[Exercise goal]
Repeat the data verbatim, images excluded.

[Information supplied]
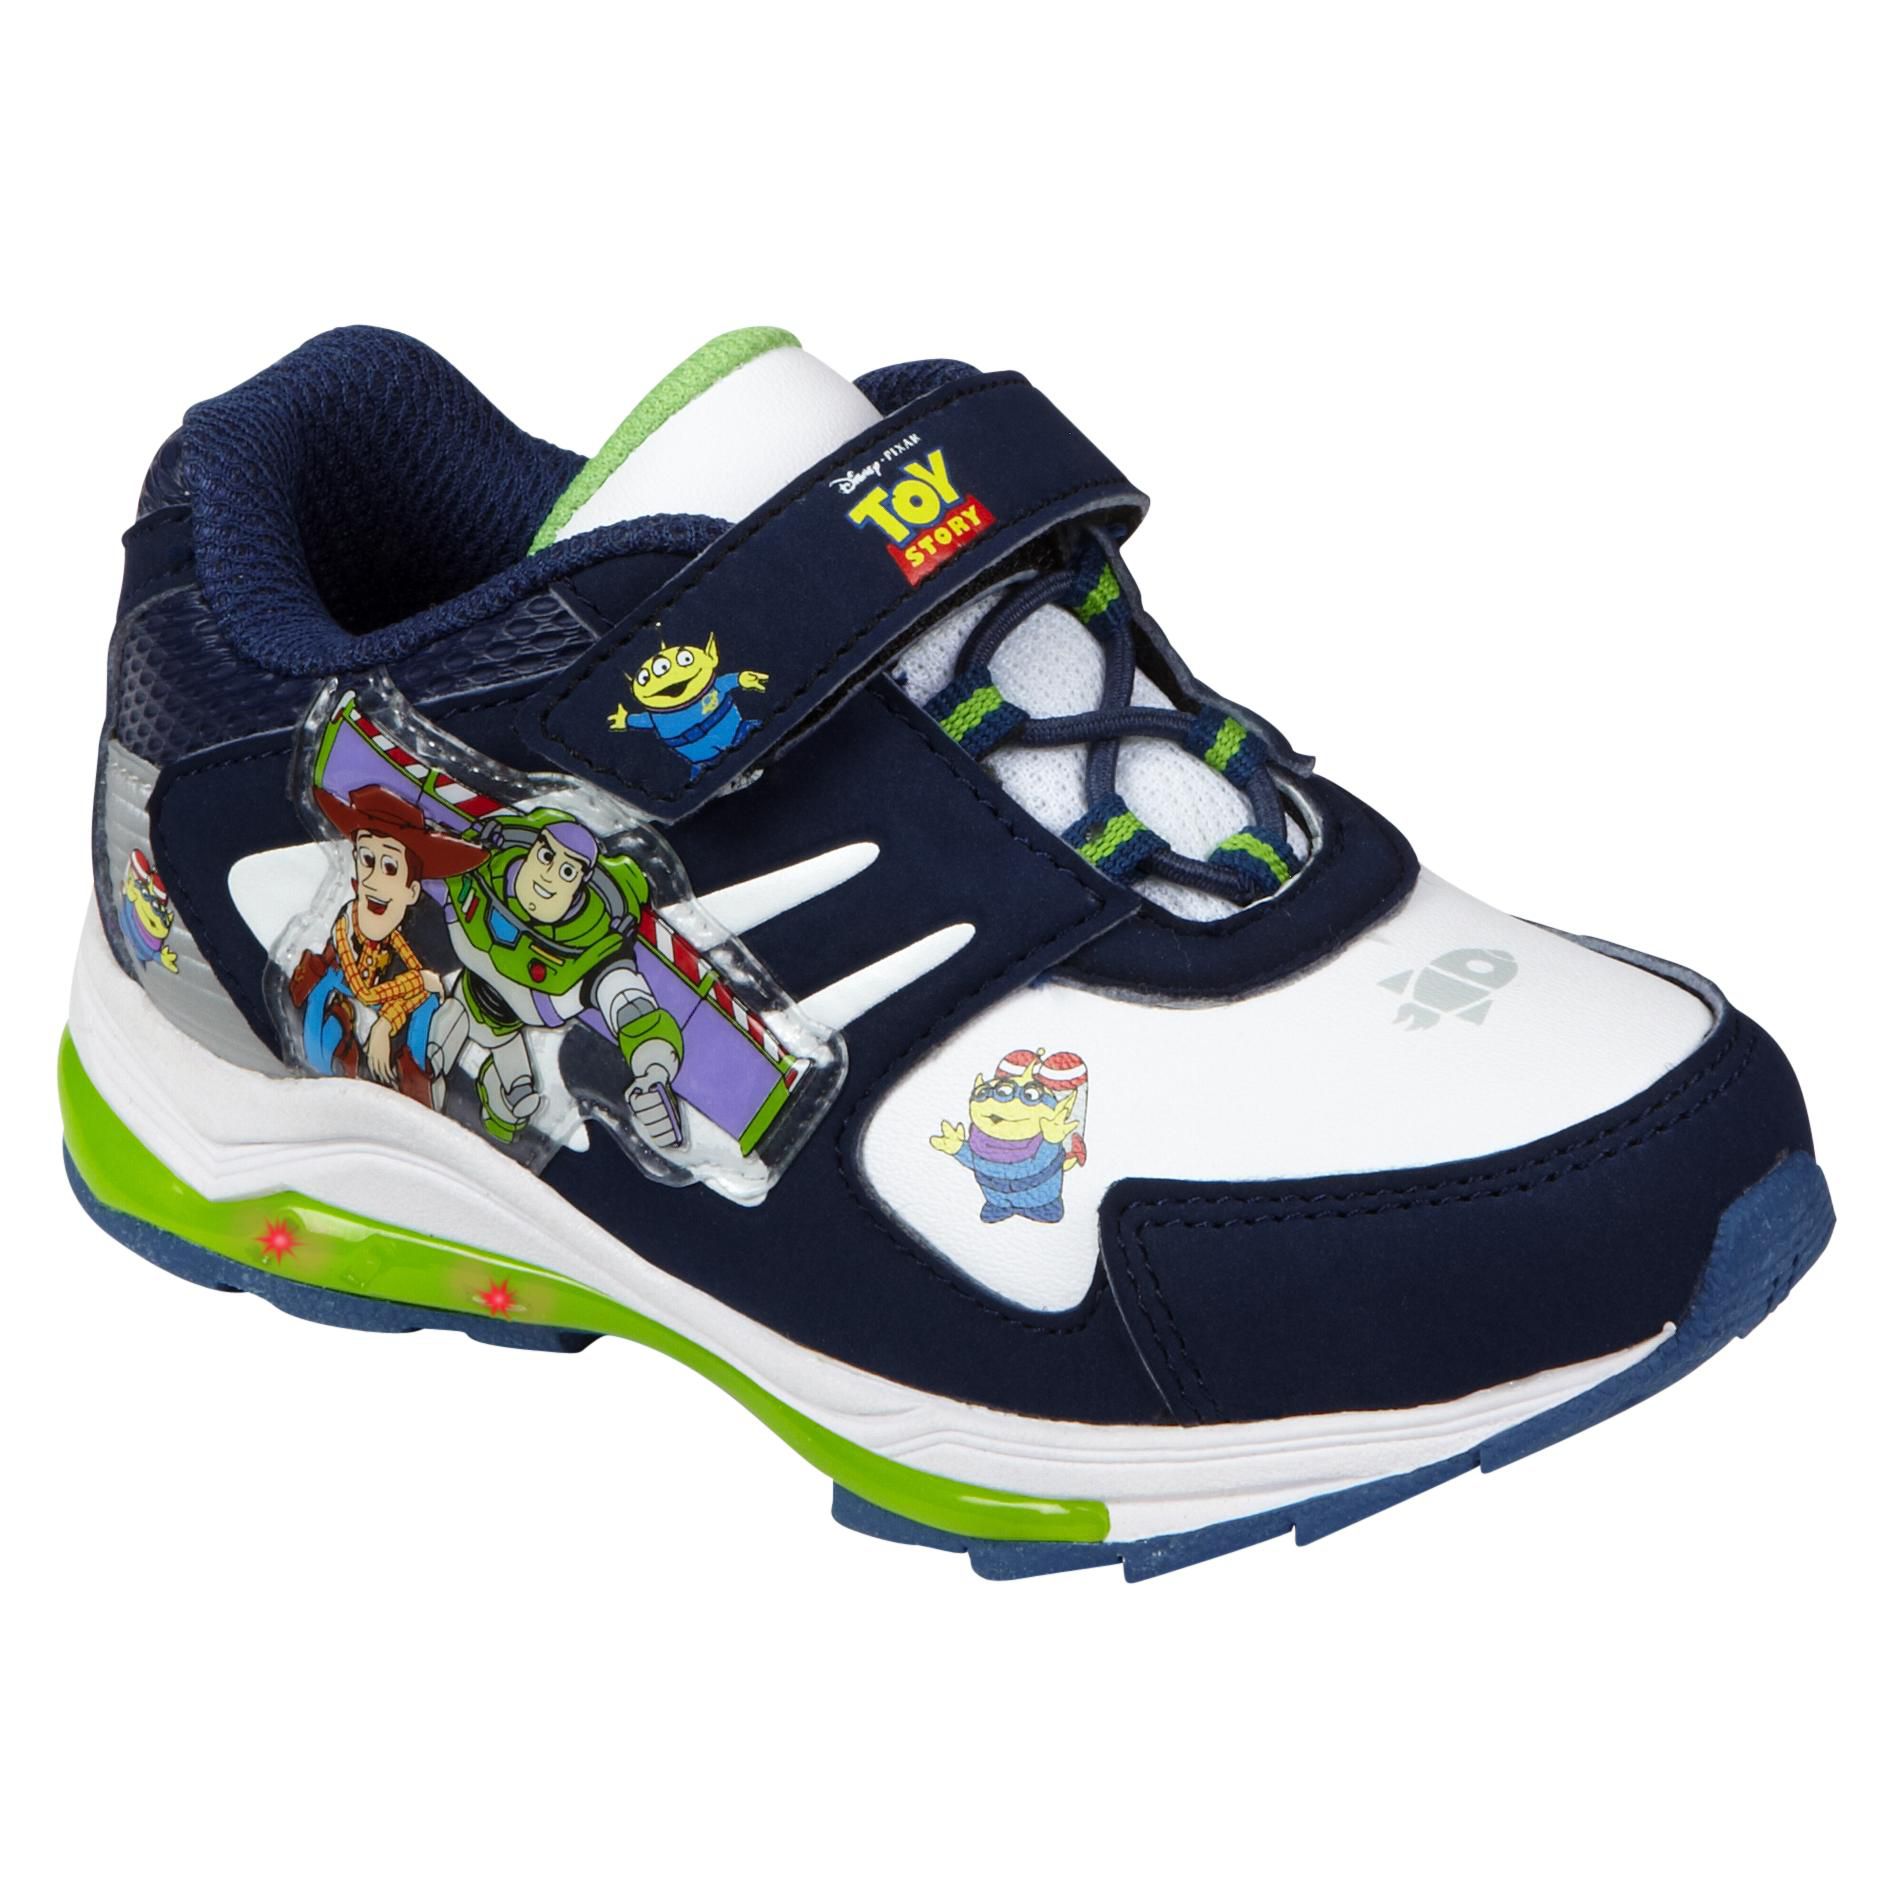 Disney Toddler Boy's Toy Story 3 Athletic Shoe Blue
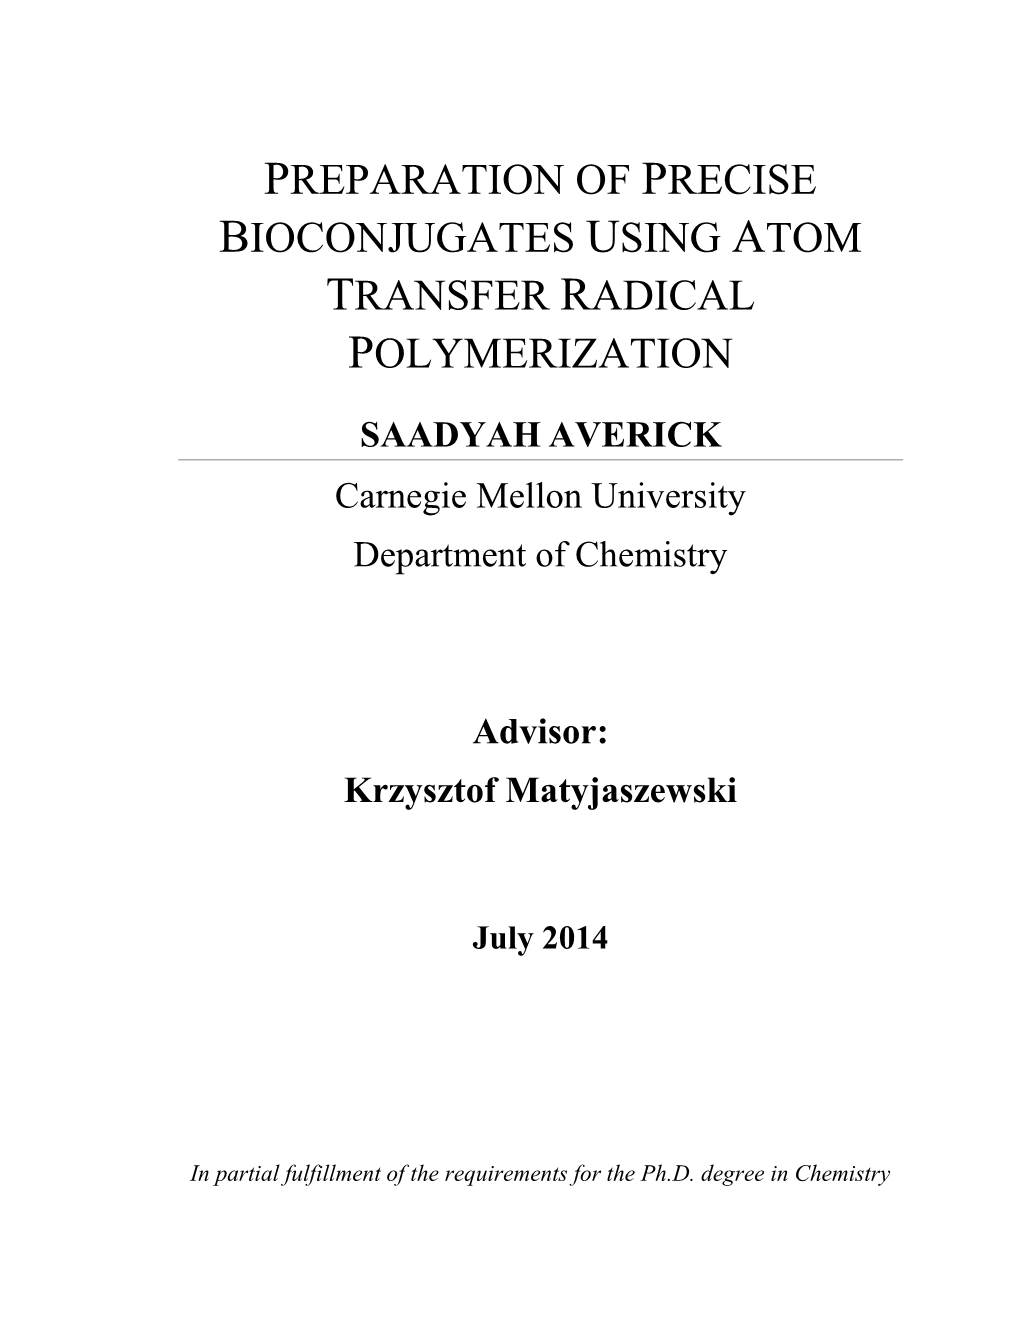 Preparation of Precise Bioconjugates Using Atom Transfer Radical Polymerization
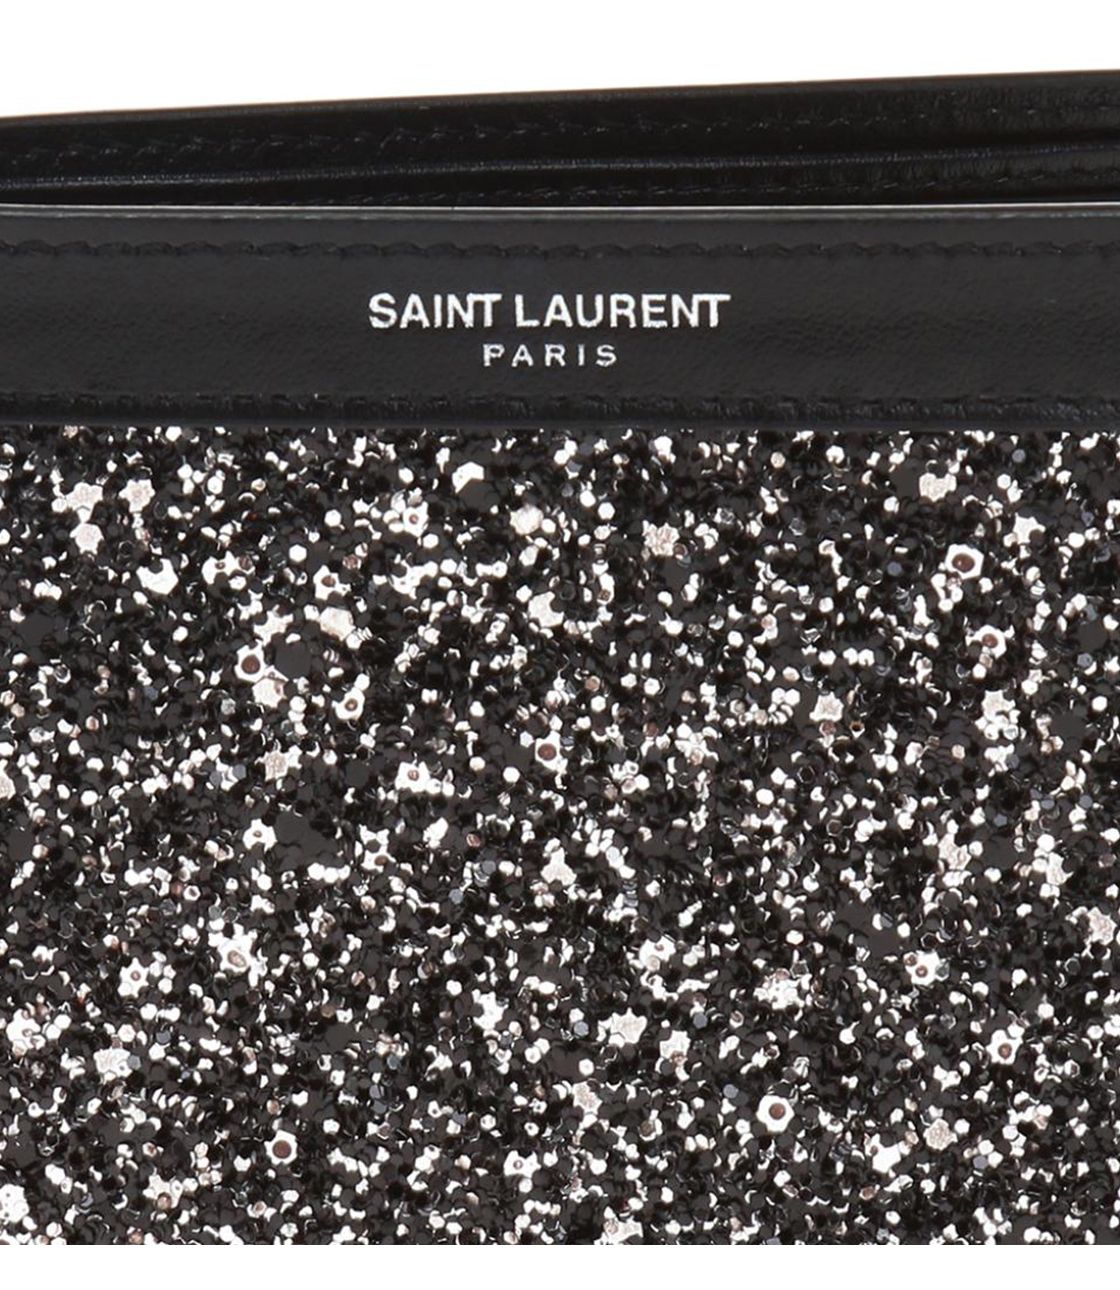 Ví Da Saint Laurent Glitter Finish

[Result of the exercise]
 Disney Toddler Boy's Toy Story 3 Athletic Shoe Blue
 Preparation of Precise Bioconjugates Using Atom Transfer Radical Polymerization
 Ví Da Saint Laurent Glitter Finish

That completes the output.